I’ve been on the Internet a long time, since the early to mid 1990s. And when you are on the Internet that long, you tend to leave a pretty long trail behind you. But over the years that trail gets overgrown as sites close, lists vanish, and machines crash. There is precious little left from those early years.

One thing that has persisted to this time, despite being pretty heavily neglected over the years, is Yahoo Groups. Those who remember the first dot-com boom may remember that Yahoo Groups was not originally Yahoo Groups. It was eGroups, which Yahoo bought and merged into their own sprawling empire. eGroups basically made it possible for anyone to set up a mailing list without needing access to a listserv service.

Well, it looks like the end has finally come for Yahoo Groups. Verizon, the new owner of the rotting corpse of Yahoo, has announced that all groups will disappear on December 14th. I was on tons of mailing lists during my early Internet years, and I would really like to archive and preserve those messages if I could. But how could I get them out of Yahoo?

As it turns out, there is already an option out there for downloading content from Yahoo. Someone has kindly written a backup script to take care of the hard part of getting messages out of Yahoo.

The problem? It only appears to be able to store them in a MongoDB database. :( Not that I have anything against MongoDB (it is webscale!), but I really wanted to preserve the raw messages themselves as text data rather than storing them in a database.

Why? Well, the biggest reason is long-term stability. Will you be able to read that data out of MongoDB in 20 years? I have some files that are younger than that I can no longer read. Either the program doesn’t work anymore, or isn’t supported, or can’t even be found. But text files? I can read 40 year old text files just fine. Pretty good bet text files will be readable in another 40 years as well.

So the solution I came up with was to spin up a docker image of MongoDB and allow the script to do it’s thing, then wrote another script to pull the data out of MongoDB and write raw data. I decided to write both JSON of the full entry and text of the original raw email. That way I have all the Yahoo metadata if I ever need it in the future, in an open format that should be relatively easy to read in the future, as well as the original raw format.

Setting Up The Fetch Script

The fetching script is a tad finnicky, especially on macOS. Your best bet is to install Python 3.7 from Homebrew.
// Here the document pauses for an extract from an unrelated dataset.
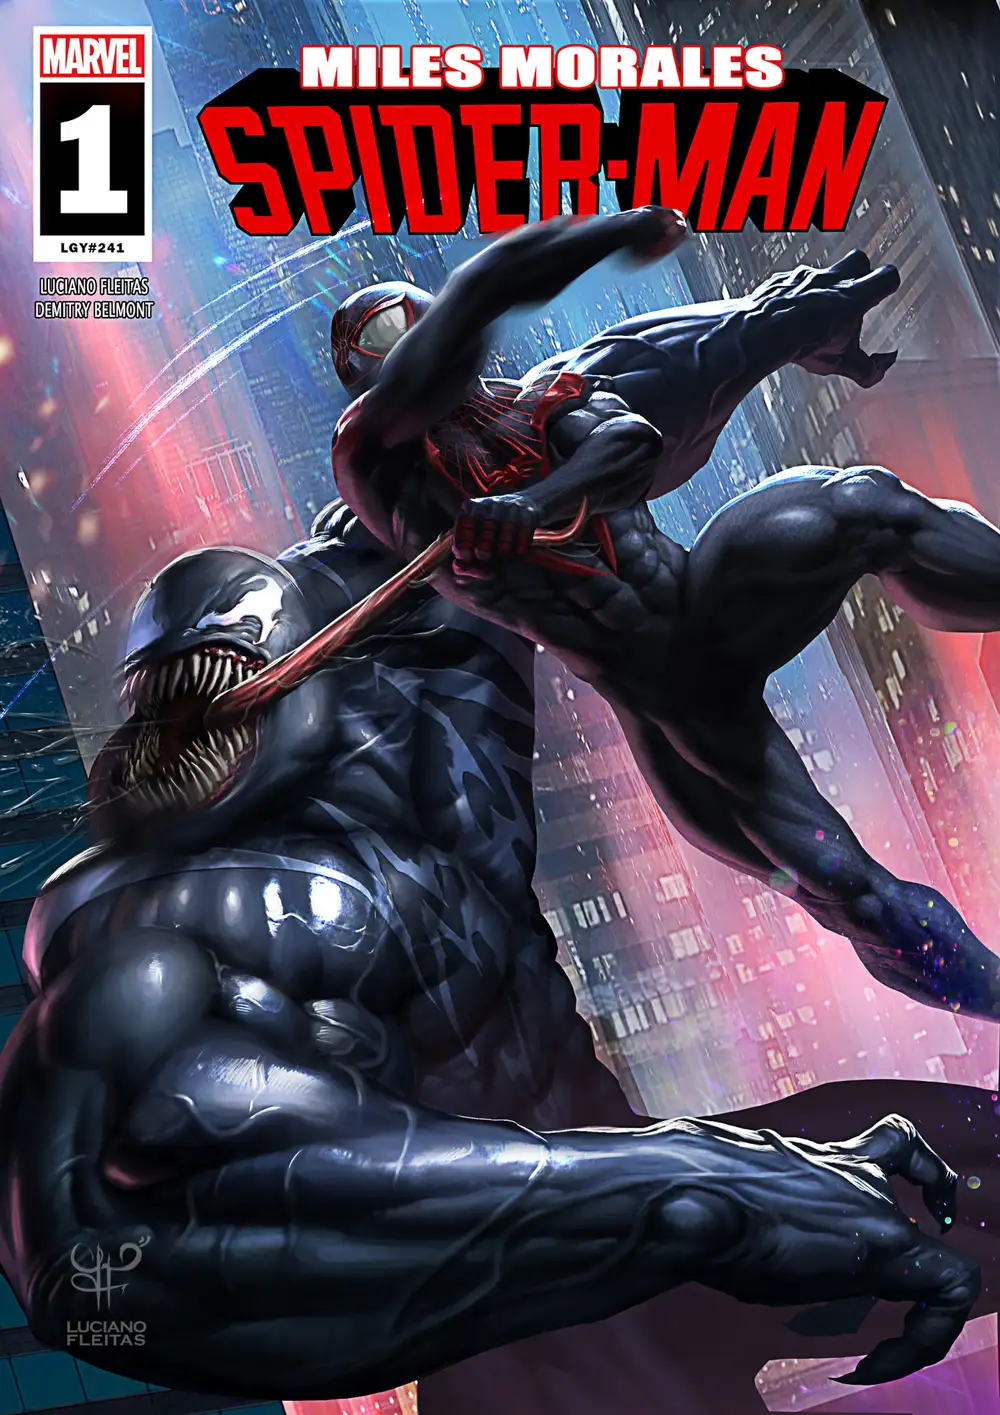 Download 4k Wallpaper Spider man Venom Marvel comics Artwork

You’re also better off doing this in a Python Virtual Environment, as I found out the hard way.

brew install python
python3 -m venv /tmp/yahoo-backup
cd /tmp/yahoo-backup
source bin/activate

You will also need to install Chromedriver as well.
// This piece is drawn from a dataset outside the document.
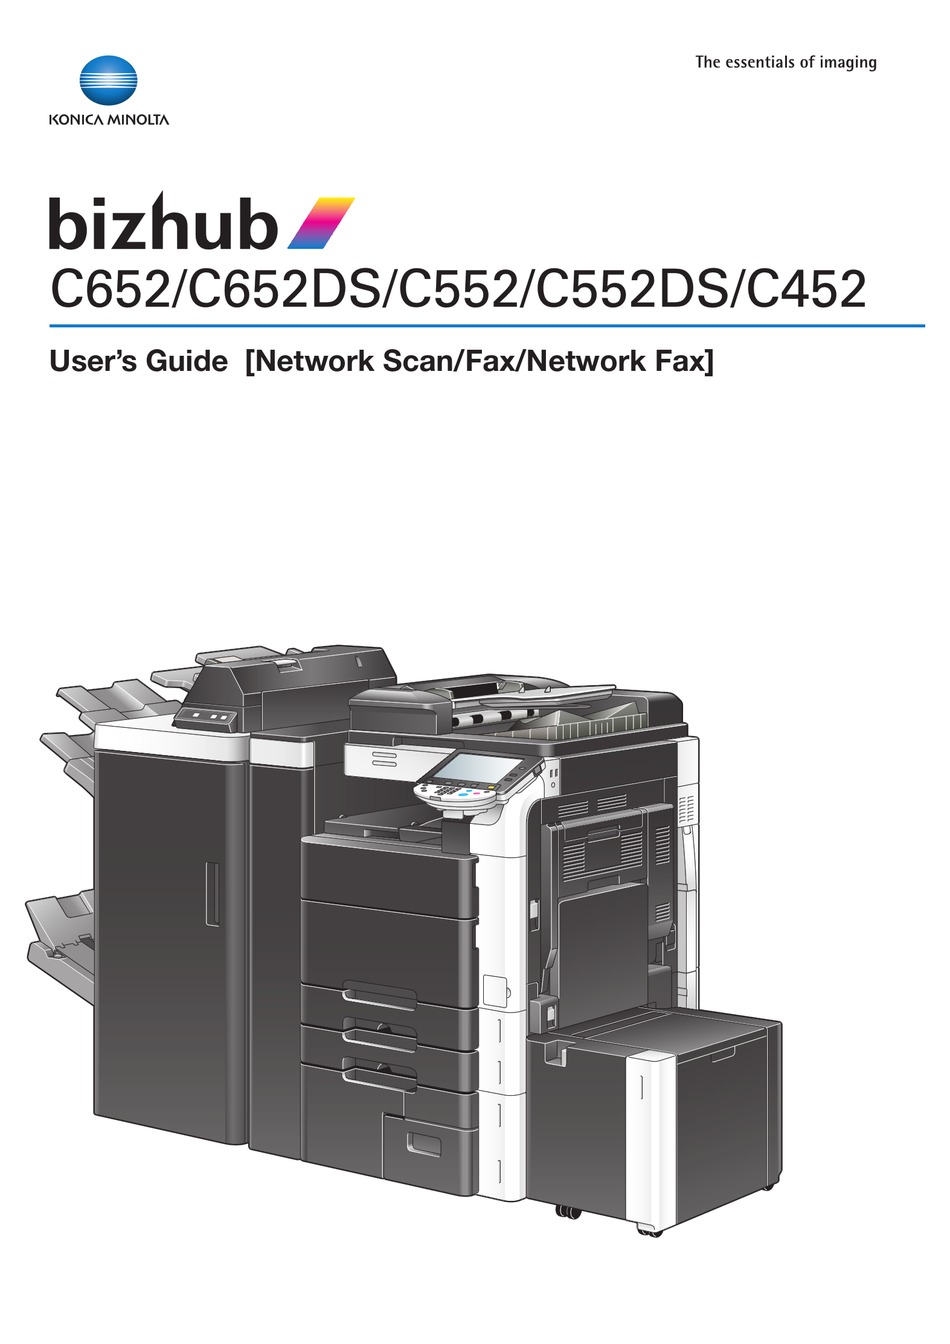 bizhub c452 can it print on black

Now that you are inside a “pristine” Python environment, you can follow the instructions in the readme for the fetch script.

Before I was able to get pip to install the dependencies from requirements.txt, I also had to bump the version of pyyaml to 3.13. It did not compile otherwise on macOS and there is a bug about this that is fixed on 3.13. Doing this does not seem to impact the script.

cd /tmp
git clone [email protected]:hrenfroe/yahoo-groups-backup.git
cd yahoo-groups-backup
pip install -r requirements.txt
cp settings.yaml.template settings.yaml

Be sure to fill in your username and password in the YAML file.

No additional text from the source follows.